As for Bill Gates, he was the head of one of the most successful software companies in history. He didn’t write the software, he hired the people who hired the people to write the software. His job was to steer it in the right direction. His philanthropic ventures are based on results and not just writing checks. By default, his skills are based on learning what needs to be done and then doing it in the most efficient manner. If he speaks on a topic he’s working on professionally then his opinion is based on his leadership skills dealing with the people doing the work.

This is nonsense. first off you’re using absolutism in an argument. Nobody suggested a distrust of every expert on TV. “Intellectualism” as you call it is the validation of what someone says. I learned to question everything I hear from what I thought was a throw-away class in college. It was a course in journalism. It was the best course I ever took bar none. It taught critical thinking and how to validate and question information. The teacher randomly took any newspaper and showed us glaring errors that the readers would miss because they didn’t question what they were reading.

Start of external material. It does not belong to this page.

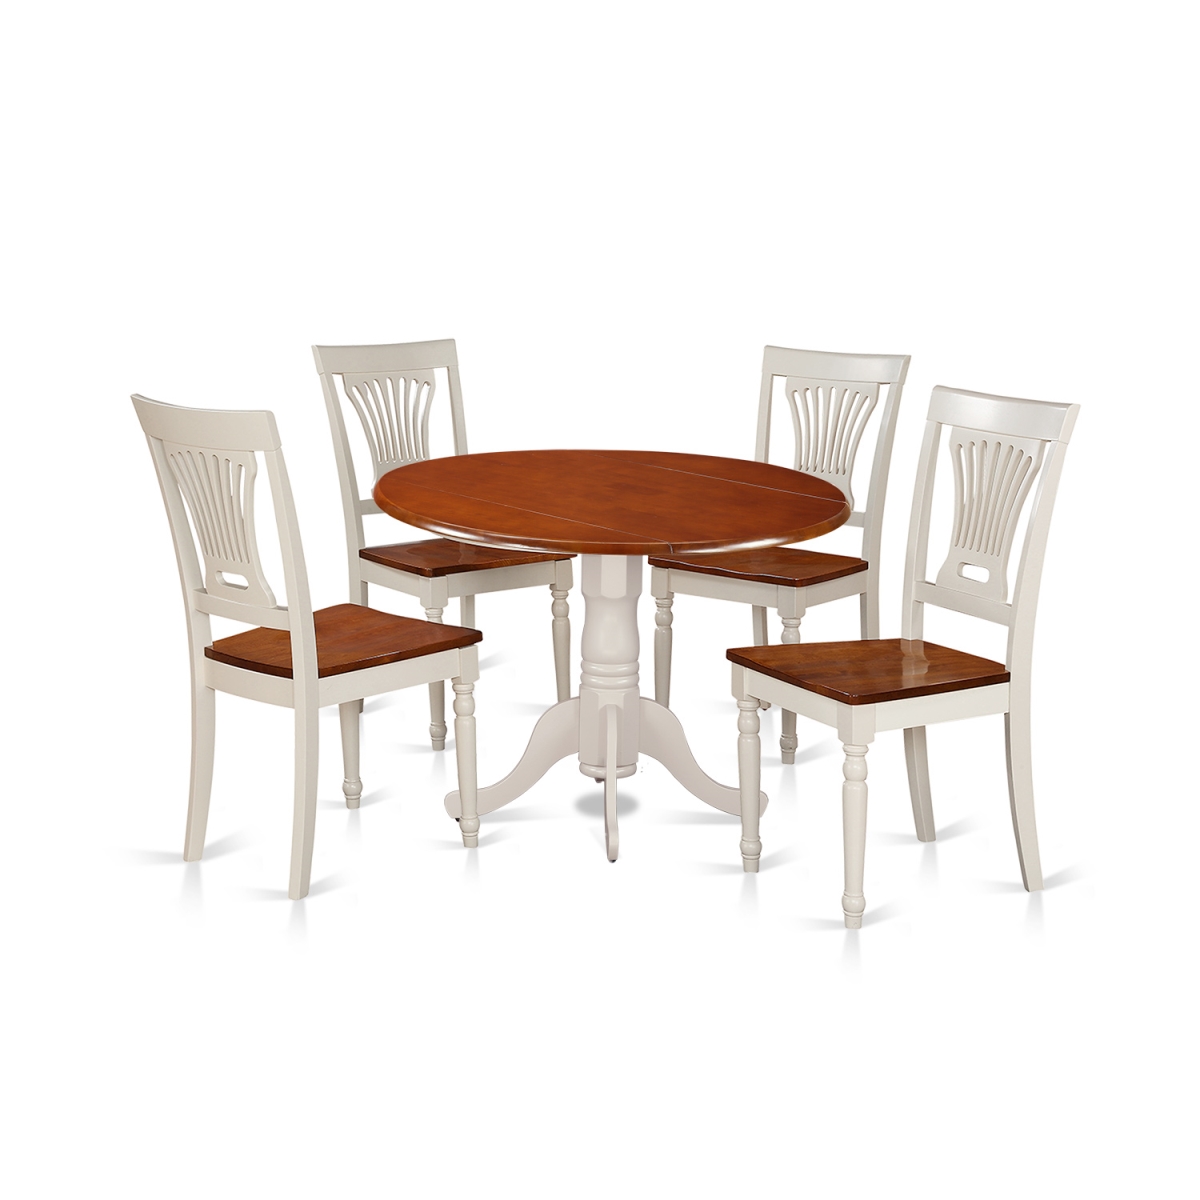 Picture of East West Furniture DLPL5-BMK-W Small Dining Set - Table & 4 Chairs, Buttermilk & Cherry - 5 Piece

I can give real life examples of how I applied what I learned from that course. if I blindly listened to the specialist doctor treating me I would have lost my leg. He had me go through a number of diagnostic tests which in hindsight were to validate his opinion. By using basic research I was able to bypass the specialist and get my family doctor to do a different test which she scheduled the same day I called her. I was in the hospital the next day and multiple doctors told me I was a day away from losing my leg. Do I have a medical degree? No. Can I validate what I hear? Yes.

I could write a book on how that journalism course changed my life. You shouldn’t trust or distrust information you hear from “experts”. You should validate it using quantifiable methods and understand and be able to recognize agenda-driven information.